A must-watch movie….


In the mid-1980s, an Iranian-born, France-based journalist named Freidoune Sahebjam was traveling in his native land, assessing the impact of the Iranian Revolution, when he came upon a rural mountain village and learned of a ghastly crime. It had been committed by an entire community against a local woman. It was a crime that indicted a nation, a movement, and a religiously inspired ideology.

The victim was Soraya Manutchehri, a 35-year-old mother of seven who, in her own prophetic words, had become “an inconvenient wife.” Bartered away in an arranged marriage at 13 to a petty criminal named Ghorban-Ali, who was 20 years old at the time, Soraya bore nine children over the next two decades, enduring two stillborn births and regular beatings from her husband, along with his insults, his consorting with prostitutes, and his campaign to turn her two oldest sons against her.

On August 15, 1986, with the complicity of a local mullah who had been imprisoned for child molesting under the Shah, Ghorban-Ali showed himself to be more than a garden variety sociopath and town bully; he was a sadistic monster, and Islamic fundamentalism was his enabler, his aider, his abettor.

In the anarchic days of the Iranian Revolution, Ghorban-Ali had found work as a prison guard in a neighboring town. There, he met a 14-year-old girl whom he wanted to marry. Polygamy was encouraged in Ayatollah Khomeini’s Iran, but Ghorban-Ali didn’t want to support two families, and did not desire to return his wife’s dowry. How to rid himself of his “old” wife? That was the easy part. Accuse her of infidelity. No matter that her husband had not actually seen anything untoward, or that Soraya was completely innocent, or that her husband’s cynical accusations were only backed up by his cousin, who as it turned out had been coerced into concurring with the vaguest of accusations: a smile here, a brushed hand there.

What court of law would find someone guilty on such flimsy evidence? A “sharia” court is the answer. And so Soraya was convicted. The sentence was death-death by stoning.
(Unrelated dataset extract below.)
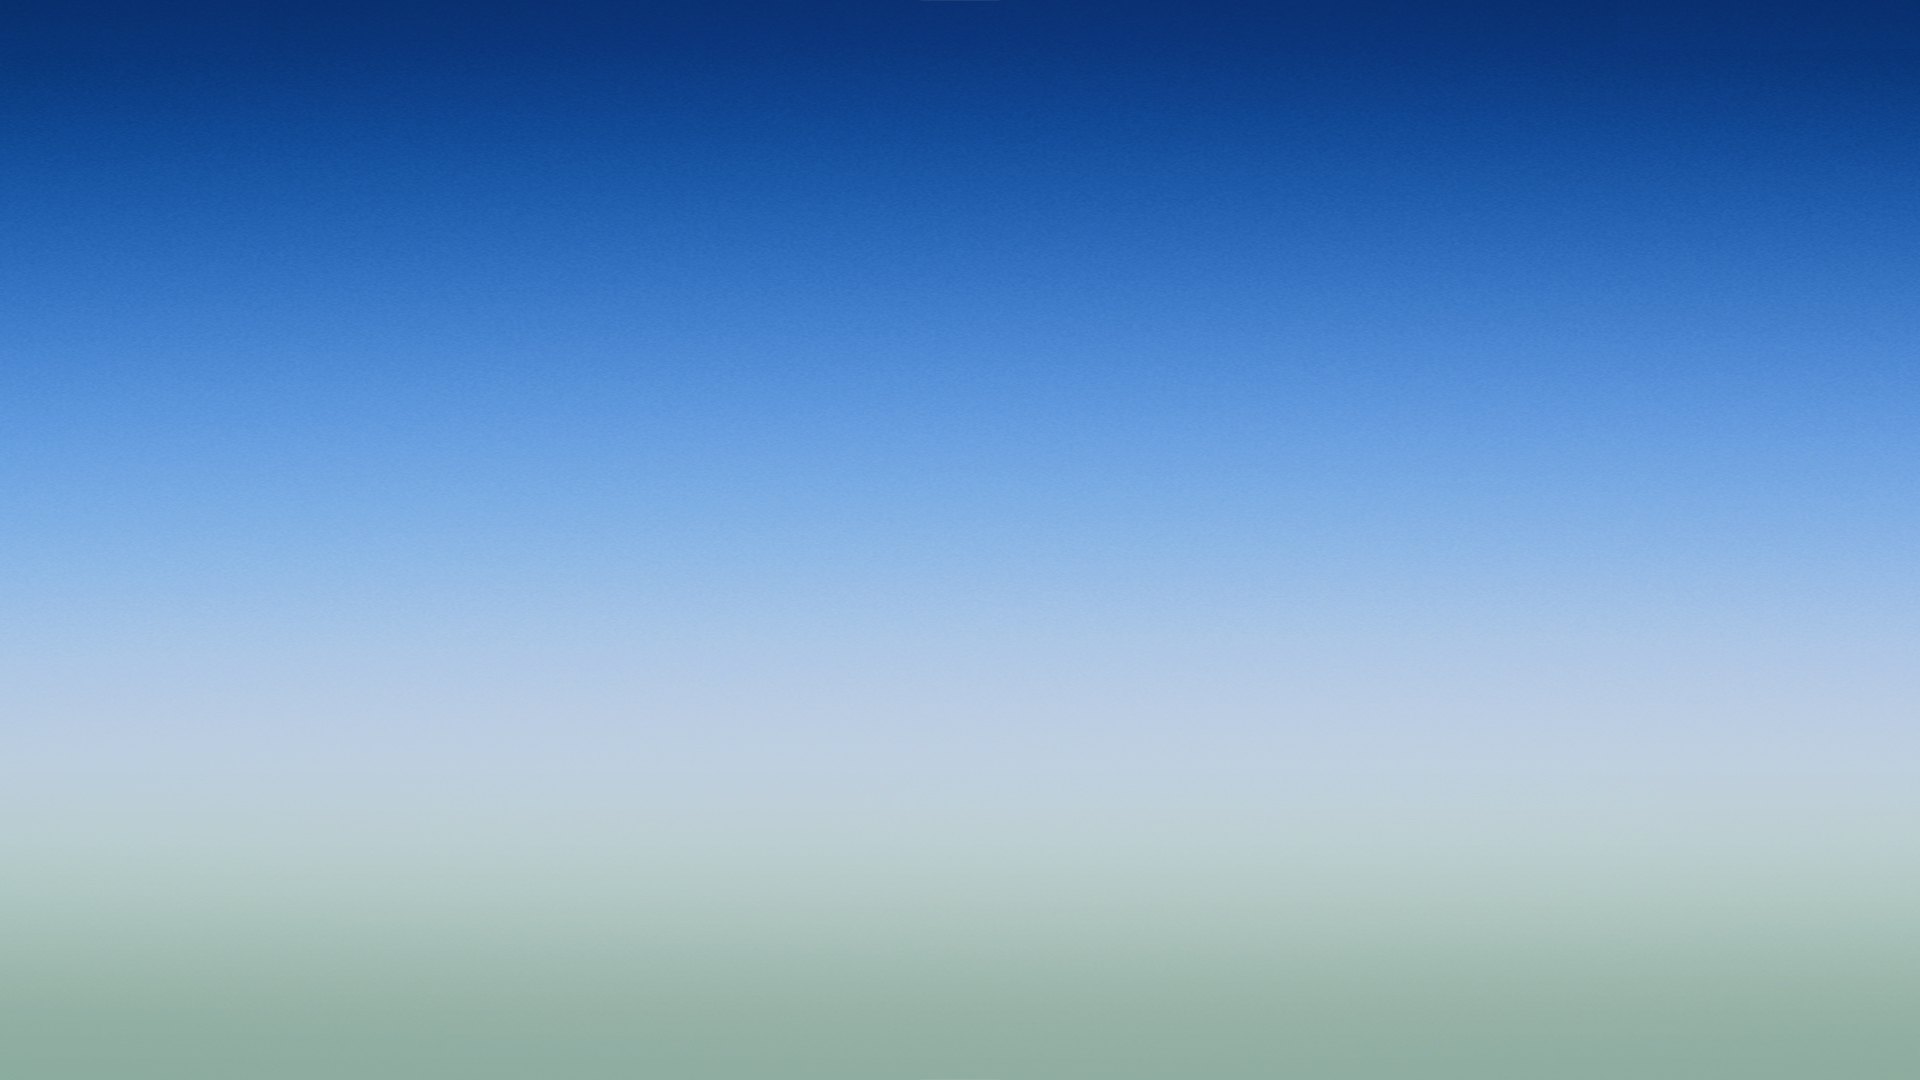 fonds d'écran hd pour ipad air 2,bleu,ciel,jour,aqua,atmosphère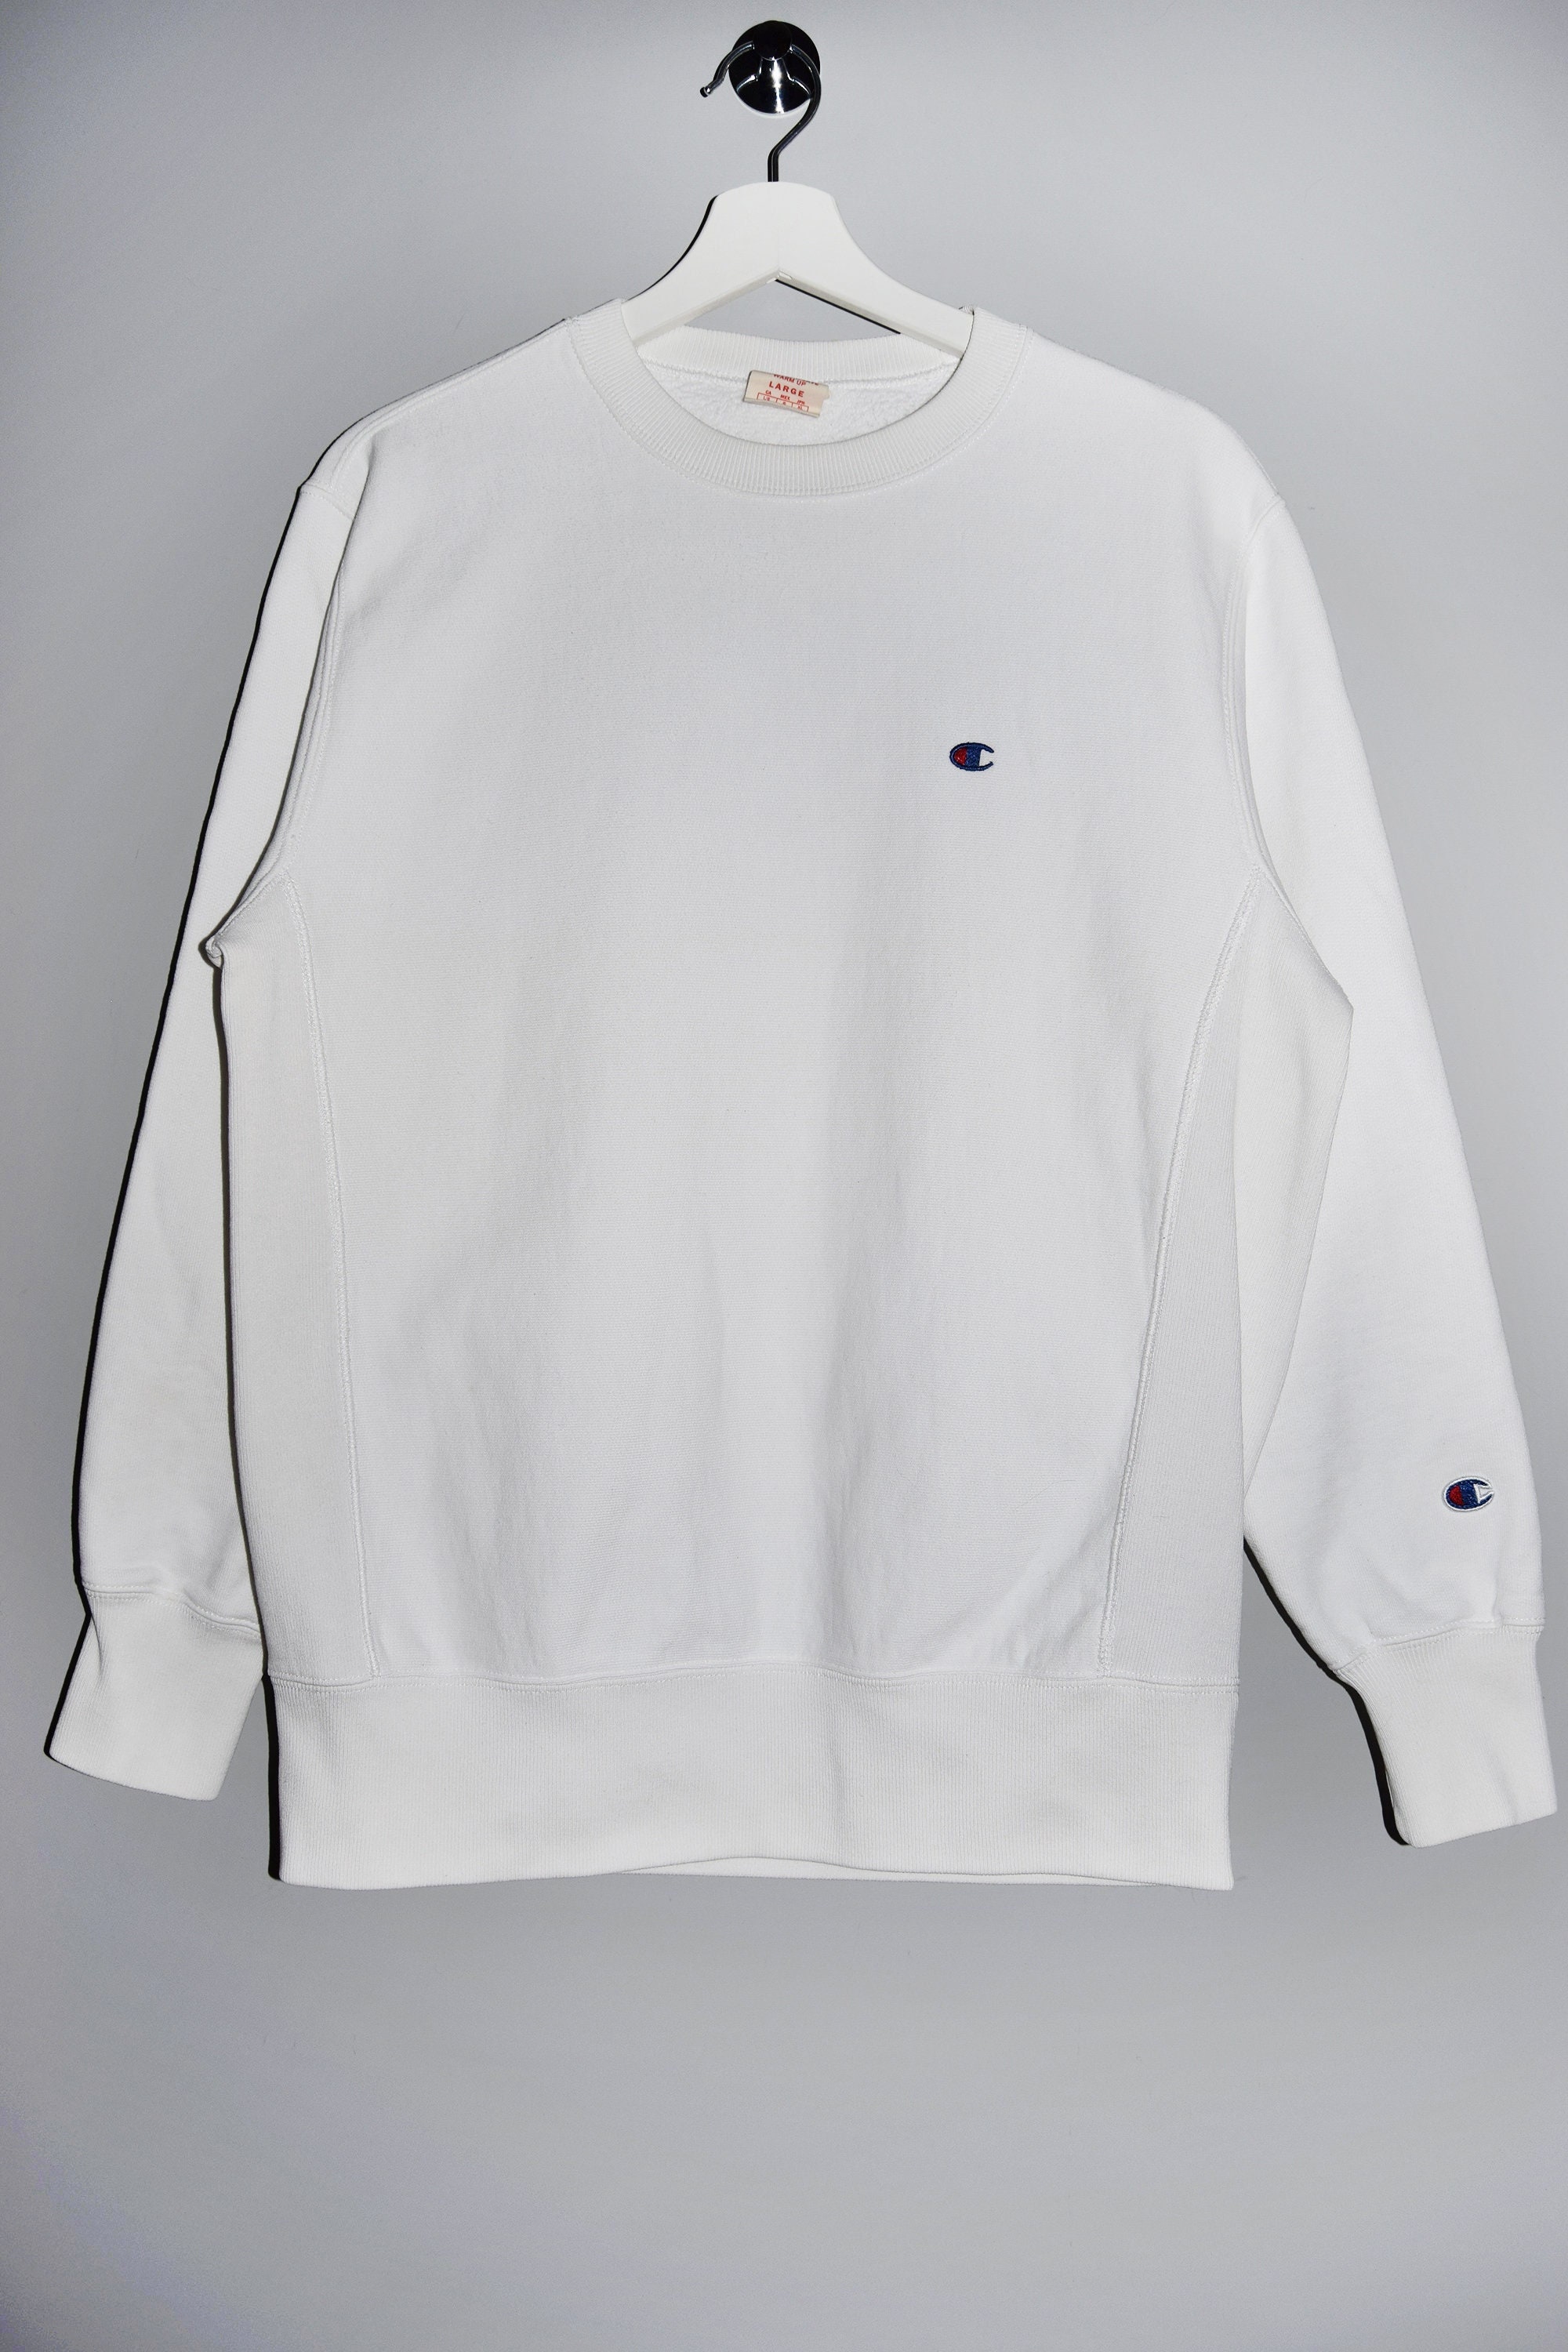 Vintage Champion Reverse Weave Crewneck Sweatshirt in White

That was the story relayed to Freidoune Sahebjam by Soraya’s brave aunt, Zahra Khanum. His riveting and spare account became an international best-seller. Critics compared “The Stoning of Soraya M.” to Kafka, but actually nothing in the western canon of literature is comparable to the inadvertent self-parody — the simple lunacy — of a system of law that maintains that if a man is accused of infidelity by his wife, she must prove his guilt, but if a woman is accused, she must prove her innocence. Thus, in a single sentence, is a belief system codified. It is a system that rejects modernity, justice, equality and rationality — and treats female sexuality as a vice. Apparently, you can get away with this kind of madness in much of the world by simply inciting crowds to chant, “God is Great,” while you throw the stones.

It’s a fitting image, rock-throwing…fitting for the Stone Age, that is. Such show trials pay no heed to the natural rights we presume to be universal in a 21st century society: The right to be present at your own trial, to testify in your own defense, to cross-examine the witnesses against you, to be represented by counsel, to have an impartial arbiter of fact, to appeal the judgment to higher courts. None of these were present in rural Iran in the drunken days of “the Islamic Revolution.” For women and girls in Iran and in many other parts of the globe they are not present today.

The verdict against Soraya M., was carried out in a village called Kupayeh, but it could have been almost anywhere in rural Iran. It could happen, and does still, in Somalia, Afghanistan, Pakistan, Nigeria, or anyplace where sharia is the law of the land. More common, by far, in the Muslim world is the perverse practice of “honor killings” — the slaying of a woman or girl by male members of her own family on the basis of some presumed sexual indiscretion. The barbarity of this practice is mirrored by its Orwellian description, for it is one of the most dishonorable practices in the world.

It is a real life story! It is a narrative tasting absinthe! Innocent blood flows and injustice abounds! My blood boils and my hear is torn when i watched those scenes. It is revolting. And it gets me bitter but…….

I have learned to cherish my privilege to be well treated as a woman in my country and i have become more aware of what life is for some other women like me around the Earth.

Watch it and let me know if you don’t share my feelings.